Moema, Victor Meirelles
Já no primeiro documento escrito em terras brasileiras, o europeu não escondeu o espanto e o maravilhamento. Em sua carta ao rei, o escrivão Pero Vaz de Caminha registrou aqueles “corpos formosos” e moças “tão bem feitas [...] que a muitas mulheres da nossa terra, vendo-lhes tais feições”, lhes faria vergonha “por não terem a sua como a dela”.

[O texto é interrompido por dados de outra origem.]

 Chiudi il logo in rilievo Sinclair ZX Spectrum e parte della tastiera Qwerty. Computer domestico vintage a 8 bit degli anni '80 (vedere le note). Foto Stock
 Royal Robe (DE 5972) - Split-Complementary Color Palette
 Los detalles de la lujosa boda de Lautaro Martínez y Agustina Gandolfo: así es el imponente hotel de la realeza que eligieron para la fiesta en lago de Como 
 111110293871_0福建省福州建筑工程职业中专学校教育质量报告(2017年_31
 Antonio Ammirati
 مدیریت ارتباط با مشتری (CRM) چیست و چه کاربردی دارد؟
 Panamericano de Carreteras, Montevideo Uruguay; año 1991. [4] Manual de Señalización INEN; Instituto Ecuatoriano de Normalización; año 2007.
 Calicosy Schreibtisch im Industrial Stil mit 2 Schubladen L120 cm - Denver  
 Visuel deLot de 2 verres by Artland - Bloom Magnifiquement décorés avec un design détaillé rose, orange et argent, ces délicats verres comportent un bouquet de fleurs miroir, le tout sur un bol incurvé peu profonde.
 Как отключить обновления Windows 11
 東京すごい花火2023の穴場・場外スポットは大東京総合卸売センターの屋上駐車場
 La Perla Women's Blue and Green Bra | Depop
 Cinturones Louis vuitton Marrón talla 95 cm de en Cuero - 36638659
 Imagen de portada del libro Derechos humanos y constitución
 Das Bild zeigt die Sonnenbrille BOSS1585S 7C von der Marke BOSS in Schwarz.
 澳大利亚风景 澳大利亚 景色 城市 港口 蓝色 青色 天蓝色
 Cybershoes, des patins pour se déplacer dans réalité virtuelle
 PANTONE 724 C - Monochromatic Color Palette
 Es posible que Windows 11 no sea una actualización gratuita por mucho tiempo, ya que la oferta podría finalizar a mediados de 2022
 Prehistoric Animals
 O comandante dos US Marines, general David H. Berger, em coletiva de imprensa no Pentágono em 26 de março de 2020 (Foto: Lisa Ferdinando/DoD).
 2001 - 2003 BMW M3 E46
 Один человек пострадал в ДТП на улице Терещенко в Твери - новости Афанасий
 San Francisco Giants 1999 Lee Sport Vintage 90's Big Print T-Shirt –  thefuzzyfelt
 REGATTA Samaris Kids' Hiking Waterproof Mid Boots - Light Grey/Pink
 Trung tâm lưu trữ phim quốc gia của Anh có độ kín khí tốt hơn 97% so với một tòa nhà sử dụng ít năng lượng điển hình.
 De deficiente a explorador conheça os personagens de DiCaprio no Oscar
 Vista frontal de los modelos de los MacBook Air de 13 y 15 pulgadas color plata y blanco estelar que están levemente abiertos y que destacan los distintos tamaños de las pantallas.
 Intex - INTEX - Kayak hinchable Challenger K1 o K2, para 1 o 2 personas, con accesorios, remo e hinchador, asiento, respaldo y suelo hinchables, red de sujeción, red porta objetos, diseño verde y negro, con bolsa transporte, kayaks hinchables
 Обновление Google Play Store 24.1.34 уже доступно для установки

Mas um português daqueles tempos não poderia se limitar ao
elogio da nudez. Pelo menos não numa carta do rei. Por isso, Caminha reagiu à
tentação das índias tão bem feitas condenando a “falta de civilização” daqueles
povos, apesar da “inocência” em mostrar as suas “vergonhas”. “O melhor fruto”
que havia na nova terra, ele concluía, era “salvar esta gente”. Estava
anunciada uma das funções da colonização: a imposição da fé católica. Mas este
intuito oficial esbarraria em hábitos bem mais libertários, à medida que os
colonos portugueses passaram a se relacionar com as índias.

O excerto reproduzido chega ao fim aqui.